Comment by hinkley

Comment by hinkley 2 days ago

13 replies

Primitive Technology on YouTube does this repeatedly.

You make a hole or find a piece of slate for processing, you mine clay from a stream bed, and then you make your first pot as a tool for moving water, the second pot for making food, and before or after the second pot you make clay bricks to build a kiln to high fire other things more efficiently - less fuel and more multitasking of other tasks.

WalterBright a day ago

Why don't contestants on "Alone" do this?

  • hinkley a day ago

    This question is substantially why I stopped watching that show.

    I think at least a few of them may have trouble locating pure clay where they are dropped but not all of them, every season, for years.

    • bruce511 a day ago

      I seem to recall one or two doing this. But i suspect the reason they don't is cause they don't need to.

      They all have a pot already. The benefits of more pots seems low. Conversely the calorie cost seems high (if only just collecting clay and cutting wood to fire it.)

      On Alone thd priorities are shelter and food. Clay pots seems like a luxury in terms of utility use and energy cost.
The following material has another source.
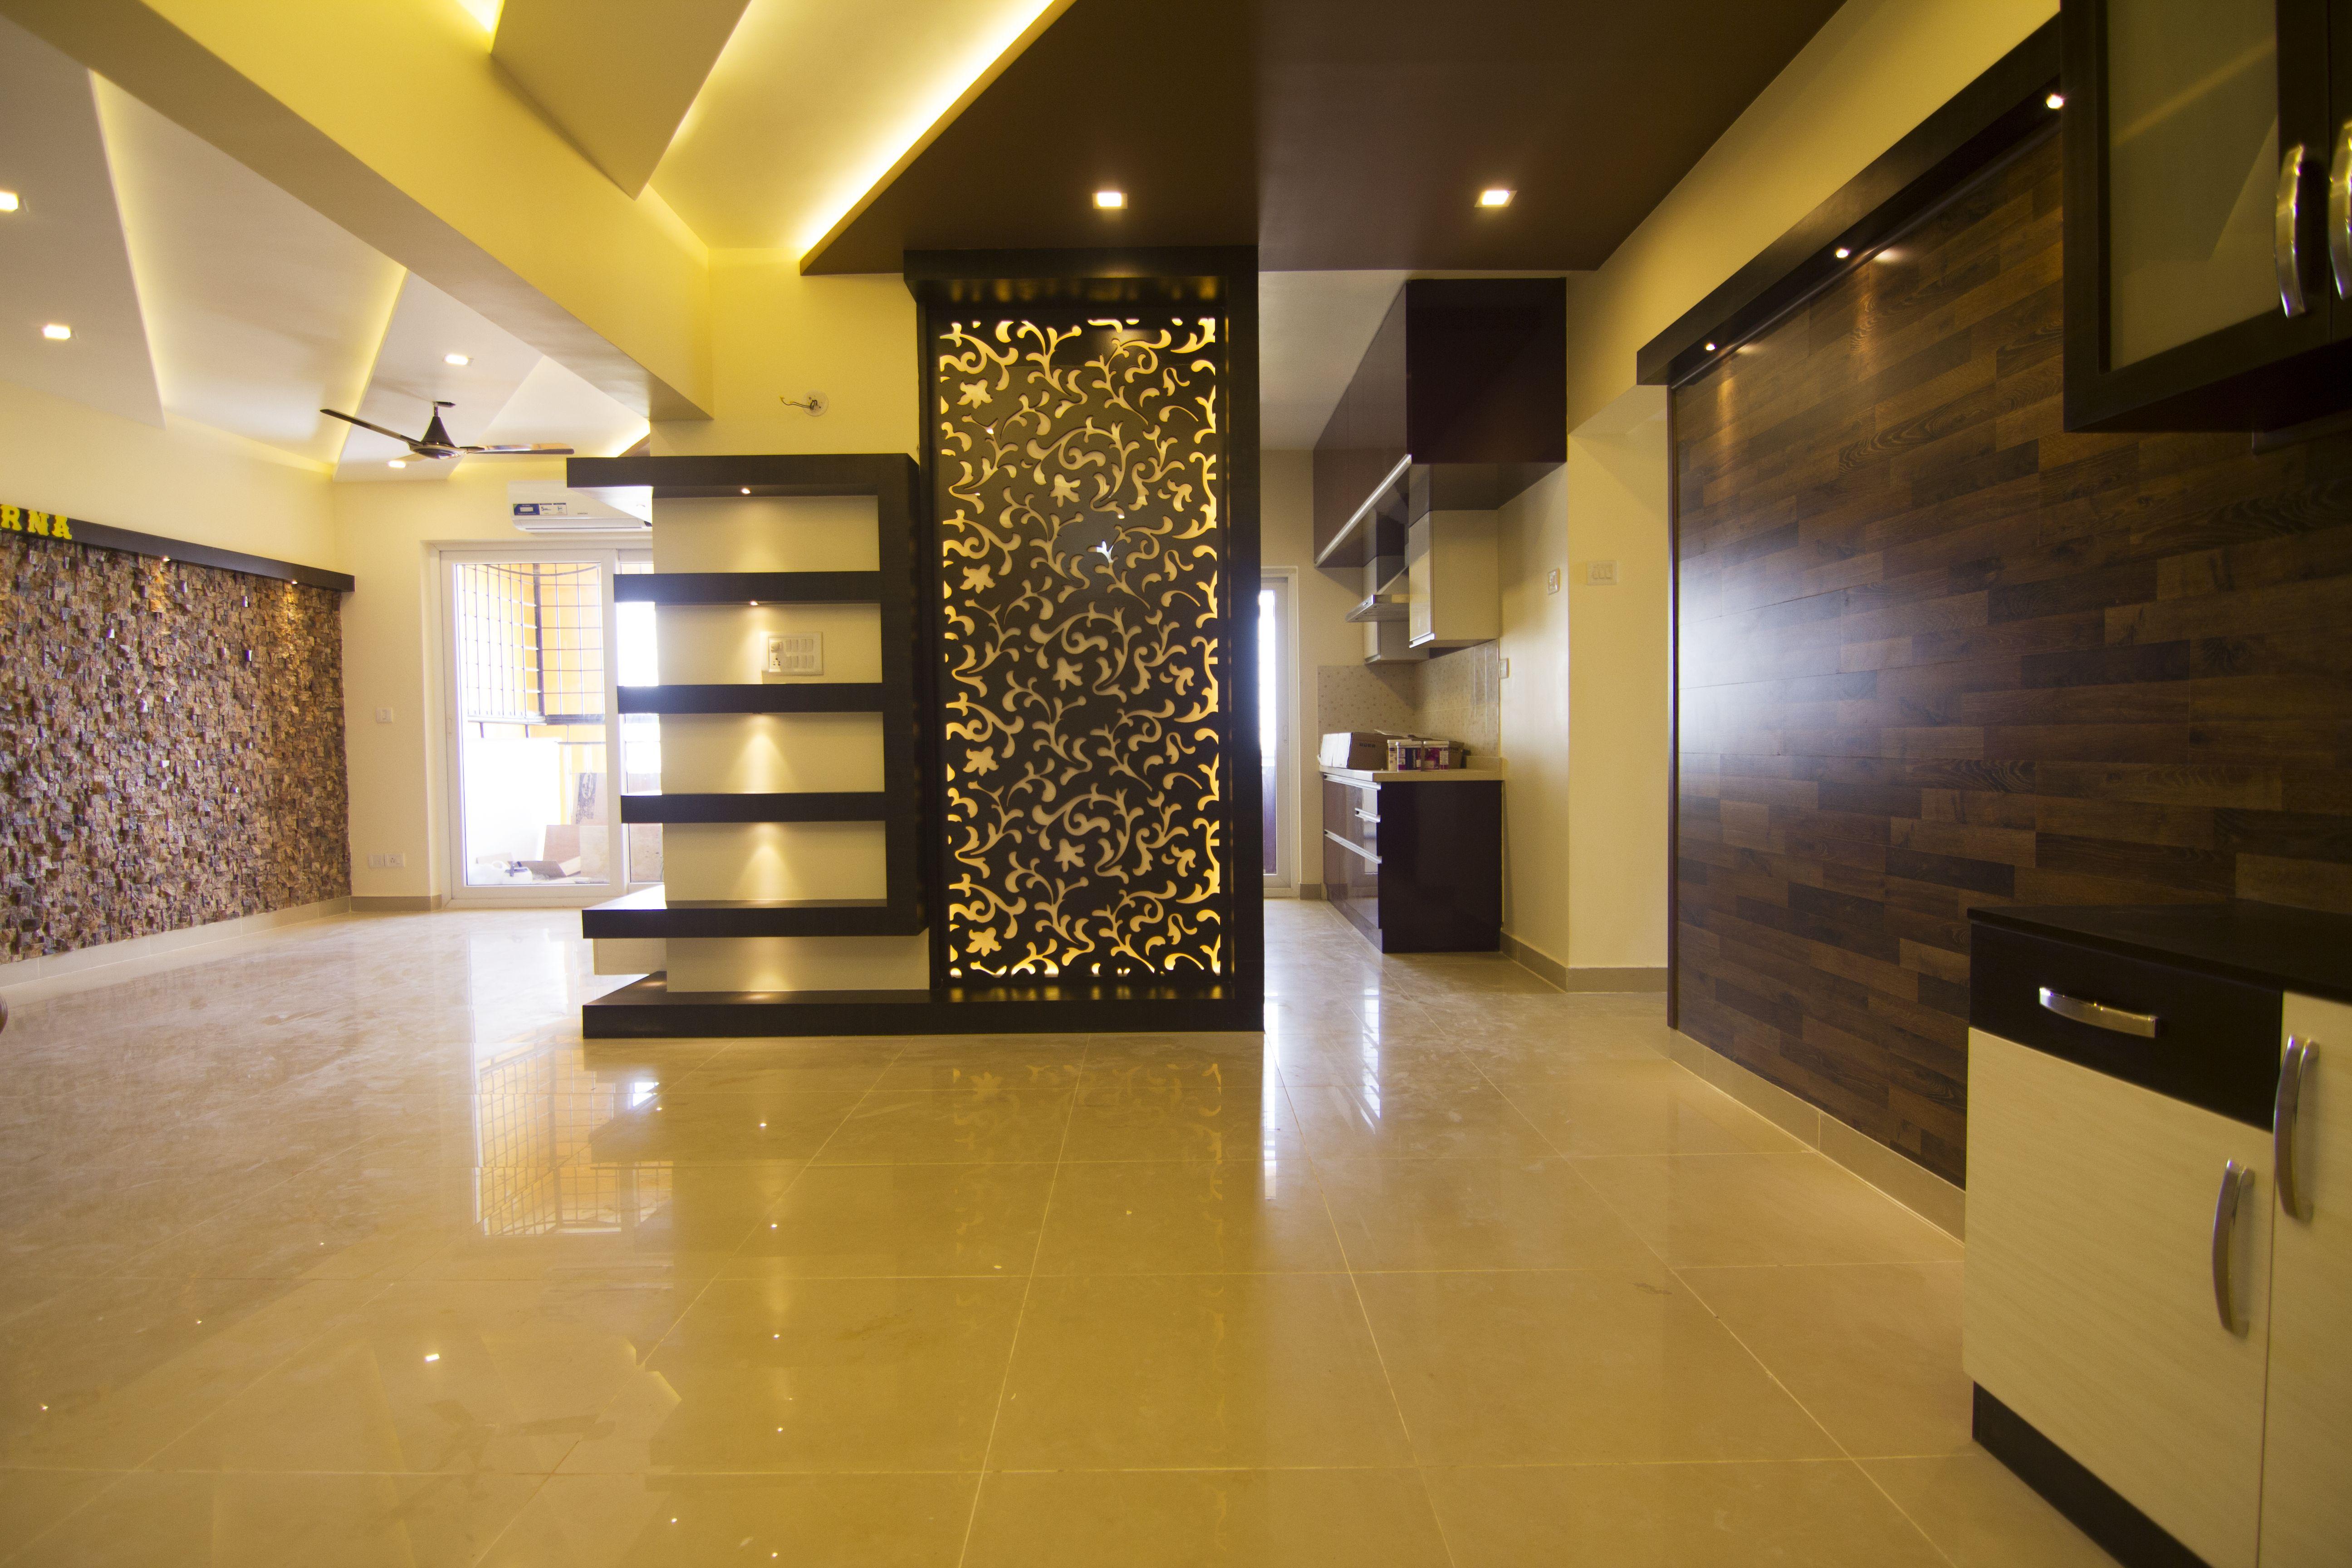 Dr Ravikumar S 3bhk Apartment Interiors Golden Grand Interior Flat Interior Design Flat Interior

      • vanattab 21 hours ago

        This is the correct answer. Alone is not really a how to live in the woods show, it's a managed starvation show. The contestants are limited to about a 1 sq mile area which may or may not have a good source of clay. They purposely set them out just a few weeks before winter so they do not have a long time to prep. Conserving and replenishing calories is the name of the game.
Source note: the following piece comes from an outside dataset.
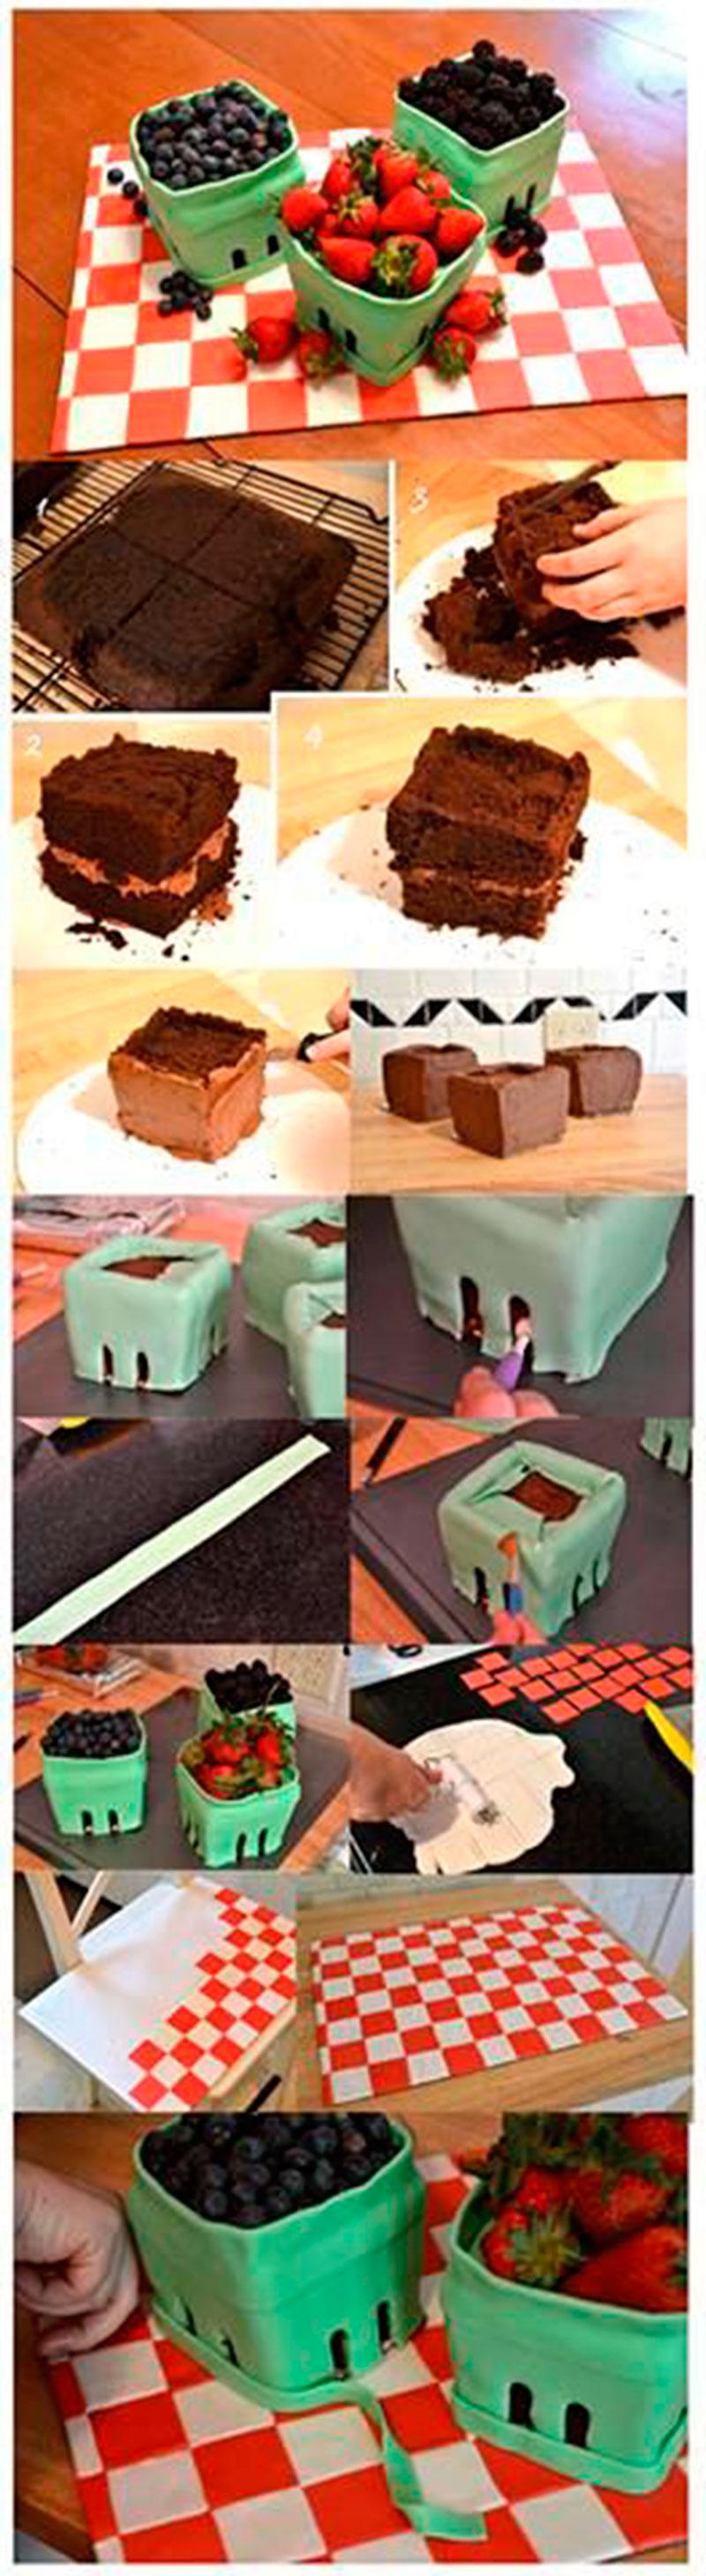 Montar bolo infantil 28

      • WalterBright a day ago

        Most of them did a simply terrible job of building a fireplace, from poisoning themselves with the smoke to literally burning their shelter down. Some built a bed up off the ground, which is smart, but never seemed to consider heating up rocks in the fireplace during the day and slipping them under the bed at night.

        Anyhow, some mud and clay skills would help make a decent fireplace.

        Staying warm is a crucial skill, not a luxury. Some of them got frostbite.

        Also, most of them had food storage problems where their meat would get robbed. Some went to great effort to make their meat inaccessible, to no avail. I imagine that would make a storage pot useful.

      • hinkley 19 hours ago

        Am I wrong that the first few seasons the pot was an option they could choose among others? They upped the kit over time. Early on they had very little.

    • mapt 19 hours ago

      Digging in arctic climates is just difficult. Soils freeze and gel.

      Digging in semi-degraded postglacial till filled in with a few conifers (the Great Slave Lake site is largely talus/scree) is not especially productive in terms of clay.

      I would love to see them invite Primitive Technology's John Plant on the show. I do understand if North Queensland is more his climate though.

      • hinkley 19 hours ago

        They did a season in Vancouver Island before they started making the show super weird.